Posted on 13th January 2022 at 13:22
A statutory demand is a warning letter served by a creditor to a debtor (individual or a company) stating that if he or they do not pay his or their debt in full or make another arrangement acceptable to him within 21 days, he may start court proceedings to make him bankrupt. Anyone who is owed money can make a statutory demand by themselves without engaging a lawyer provided the debt exceeds £500 in respect of an individual debtor and £ 750 in respect of the company. If the debt is over 6 years old, one cannot make a statutory demand but will have to take legal action. An individual or company which owes money and has received a statutory demand will have 21 days to either pay the debt, reach an agreement to pay, or apply in court within 18 days to have the statutory demand set aside (in case of the debtor is an individual) or seek an injunction to restrain the creditor from presenting a petition for bankruptcy (in case debtor is a company) otherwise the creditor can use statutory demand as evidence to present a petition to the court for a bankruptcy order.

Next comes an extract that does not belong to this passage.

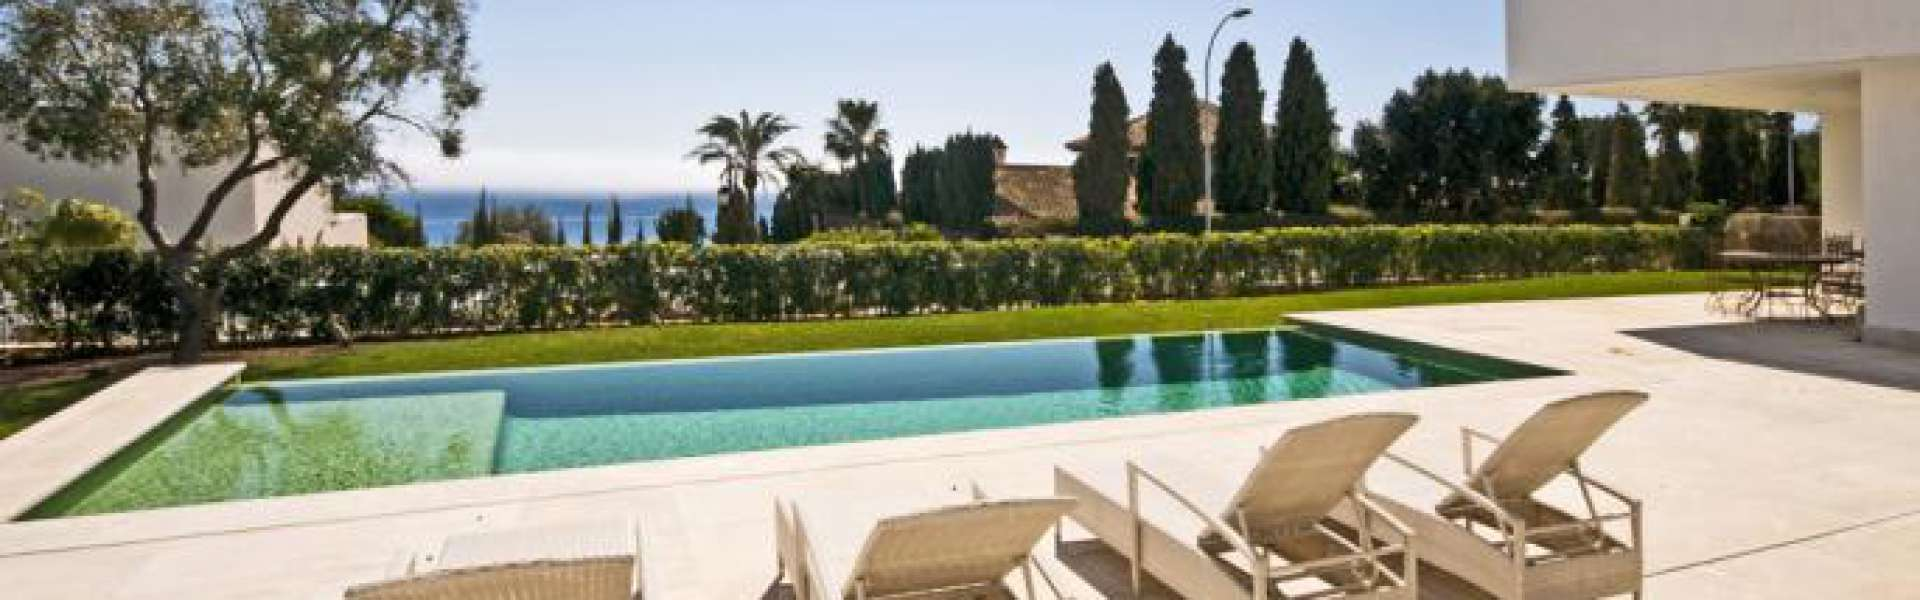 Sol de Mallorca - Modern designer villa
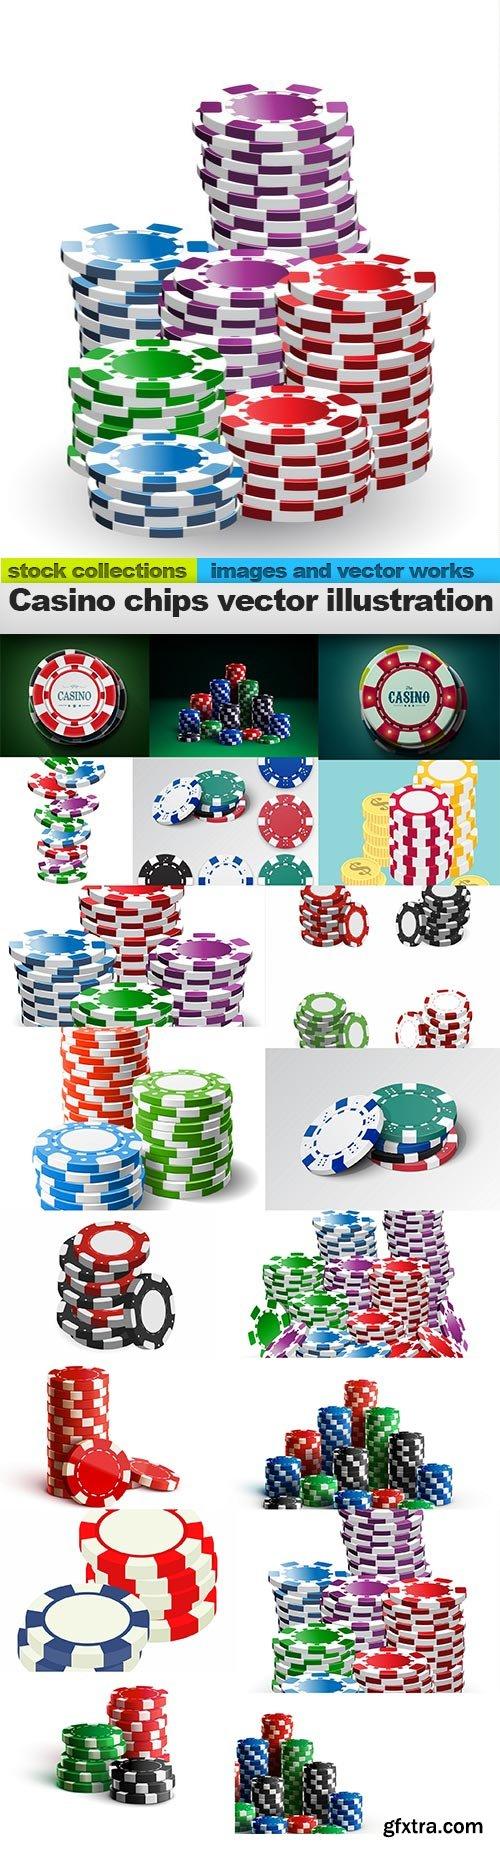 Casino chips vector illustration, 15 x EPS

If an individual or sole trader owes you money, then statutory demand should be brought to the attention of the concerned individual or a sole trader by serving it personally and obtaining proper acknowledgement of receipt. One can also utilise the services of a process server.
If a registered limited company owes you money, then the statutory demand should be delivered personally at its registered office under proper acknowledgement of receipt. One can also send it by registered post and it will be properly served if the company acknowledges it by signing the post office receipt.
If an unregistered company owes you money, then statutory demand could be served by leaving it at the company’s main place of business or delivering it to the company secretary, manager, or principal officer of the company obtaining proper acknowledgement of receipt.
The creditor must keep a record of the statutory demand and its acknowledgement of receipt mentioning the time and date of receipt. This information/document will be required to start bankruptcy proceedings against the debtor if your demand is ignored. The creditor will be required to apply for bankruptcy proceedings within four months if the debtor fails to pay the debt within 21 days of a statutory demand.